Figure 1. This image shows where to find the option to create a new File Geodatabase within the ArcCatalog sidebar in ArcMap.
  • Name the geodatabase.
  • Right click the geodatabase and select New --> Feature Class.
  • Right click the geodatabase and open Properties, found at the bottom of the menu.
  • The right tab will be called Domain. Click the tab (Figure 2).
Figure 2. This shows what will open up when the Properties menu of a File Geodatabase is selected. Domains can be created and assigned here.
  • Create the desired domains.
  • Assign ranges or coded values as necessary (Figure 3 and Figure 4).
Figure 3. This shows the File Geodatabase Properties menu after it has been populated with domains. The selected domain is an example of a range domain, with a minimum value of -30 (degrees Fahrenheit) and a maximum value of 60 (degrees Fahrenheit).

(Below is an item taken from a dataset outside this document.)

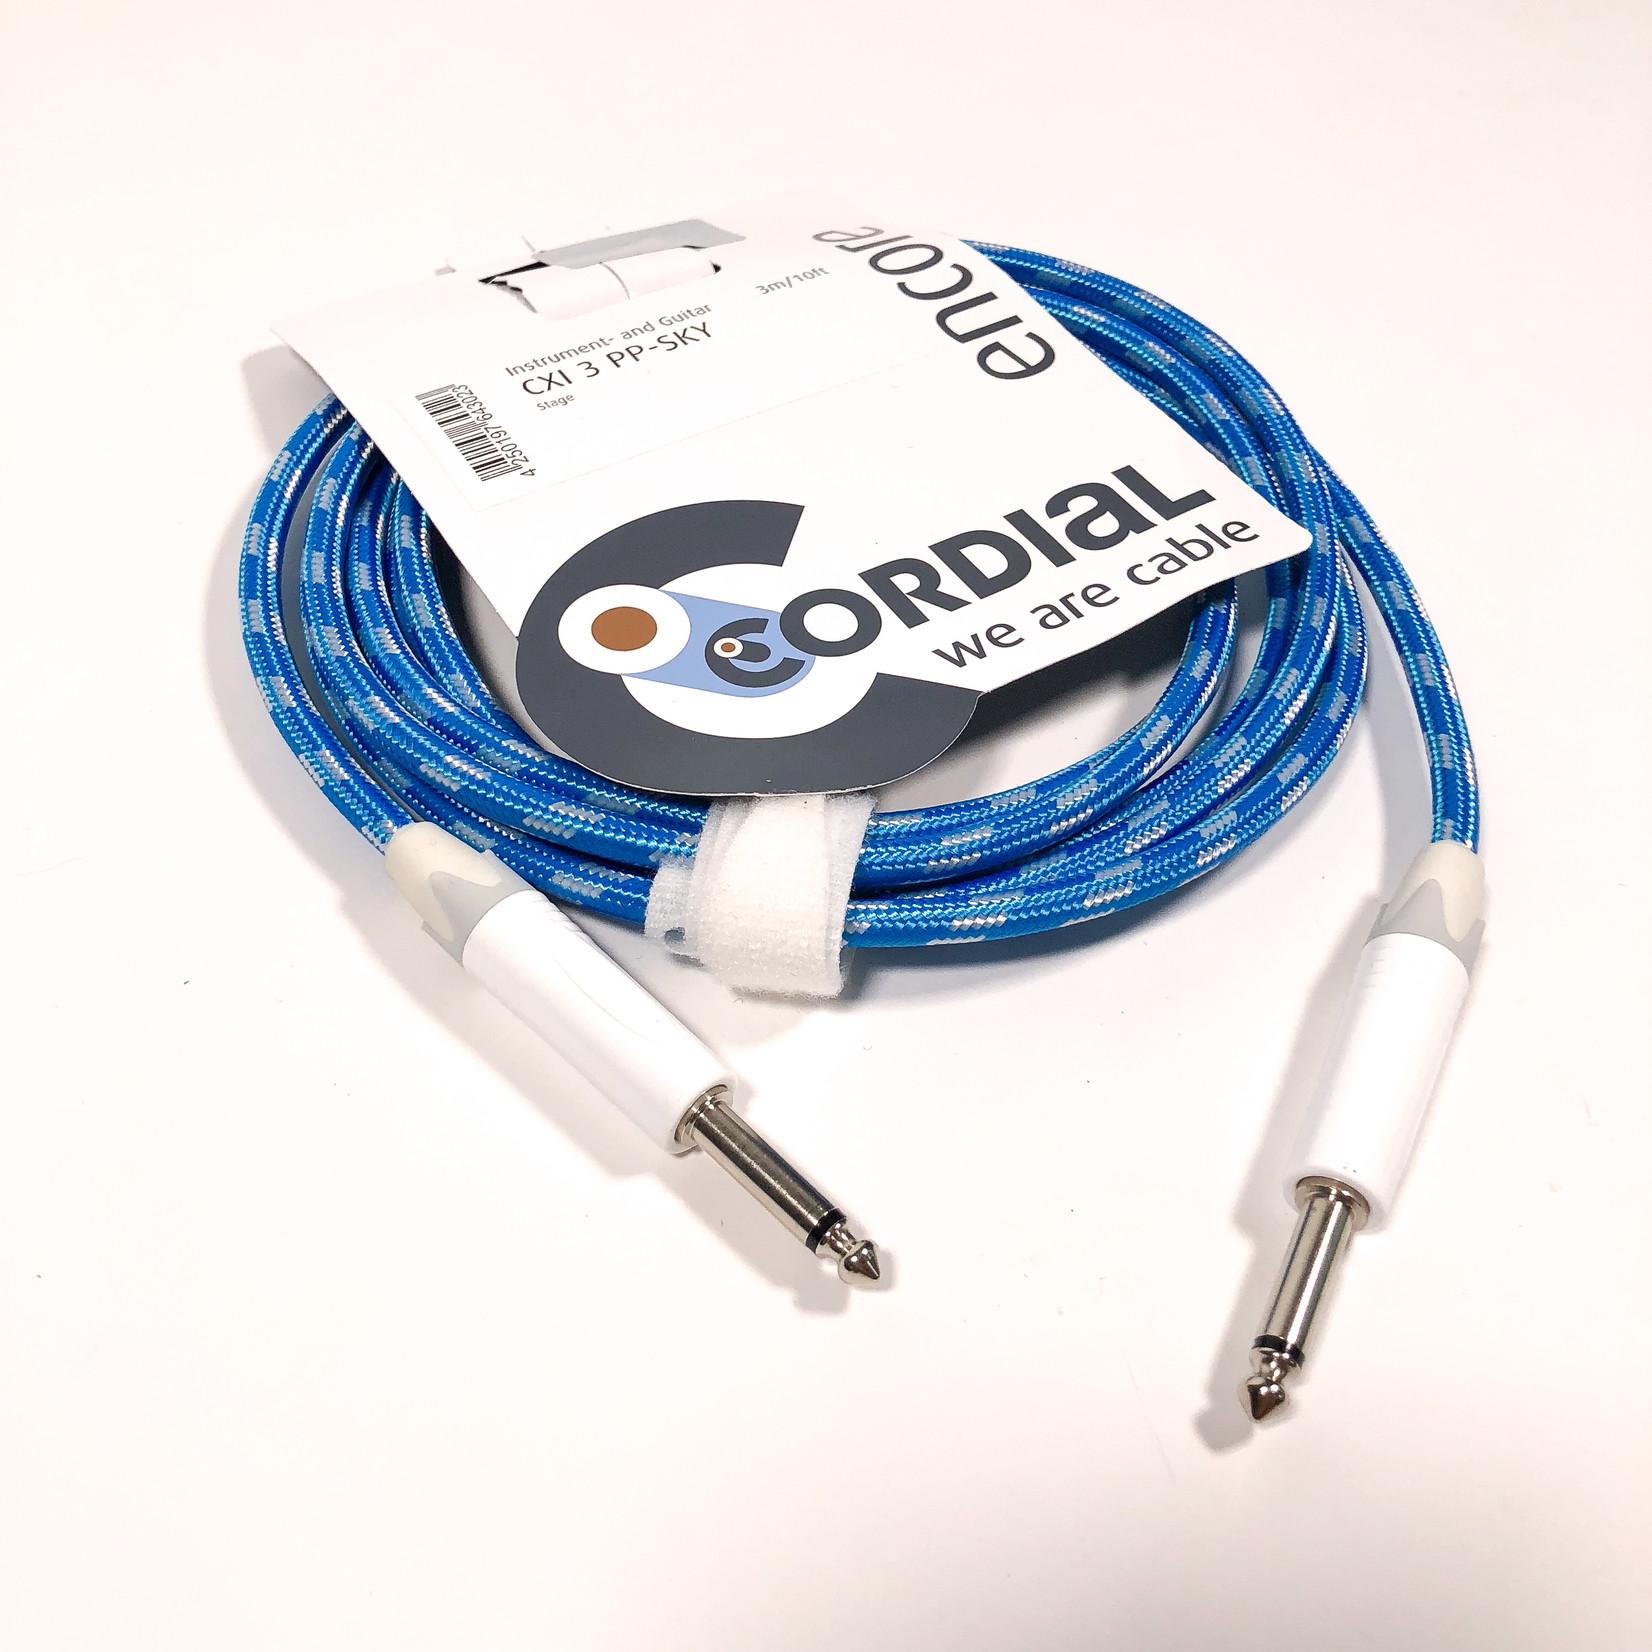 Cordial Cables Cordial 3m /~10ft Instrument Cable for Stage, 1/4'' Neutrik NP2 Connectors, CXI 3 PP-SKY (Germany)

Figure 4. This shows the File Geodatabase Properties menu after it has been populated with domains. The selected domain is an example of a coded value domain. This lists specific codes that correspond to other values. This example is for ground cover types. The list on the bottom of the figure is where the coded values are input and the descriptions are listed. 
  • After domains are created, assigned ranges/coded values, and described, close the Properties menu.
  • Right click the geodatabase and select New --> Feature Class (Figure 5)
Figure 5. This image shows where to find the option to create a new Feature Class within the ArcCatalog sidebar in ArcMap.
  • Give a name and create a point feature class.
  • Assign a projection relative to your location.
  • Create fields to correspond to the domains created previously (Figure 6).
  • Select the proper domain from the bottom of the window where it says "Domain."
Figure 6. This shows the Feature Class Properties' Fields tab after it has been populated with domains.
  • Make sure to select the proper Data Type for the proper fields (Figure 7). 
Figure 7. This figure shows the different types of numeric data types available. Short and Long integer are not able to contain decimal places, while Float and Double are (ArcGIS, 2013).
  • When recording data, all of these fields will be able to be populated. If the range is exceeded the record will not be input.
  • Close out of the Feature Class Properties window.
  • Close ArcMap/ArcCatalog.
Conclusion
Proper planning and organizational skills are key to accurate, easy to read, standardized field data collection. In this exercise, we developed a geodatabase with domains and a feature class. The domains assign allow for a range or coded set of values to be input into the corresponding field within the point feature class. This reduces the potential error and standardizes responses for the field. If these steps are not undertaken, the method of data collection and recording has the potential to contain errors and differences that make the data not similar when analyses begin later.


References Cited

ArcGIS Help. (2012, February 10). A quick tour of attribute domains. Retrieved March 1, 2015, from http://resources.arcgis.com/en/help/main/10.1/index.html#//001s00000001000000

ArcGIS Help. (2013, July 30). ArcGIS field data types. Retrieved March 1, 2015, from http://resources.arcgis.com/en/help/main/10.1/index.html#//003n0000001m000000

Zeiler, M., & Murphy, J. (2010). Modeling our world: The ESRI guide to geodatabase concepts (2nd ed., p. 7). Redlands, California: ESRI Press.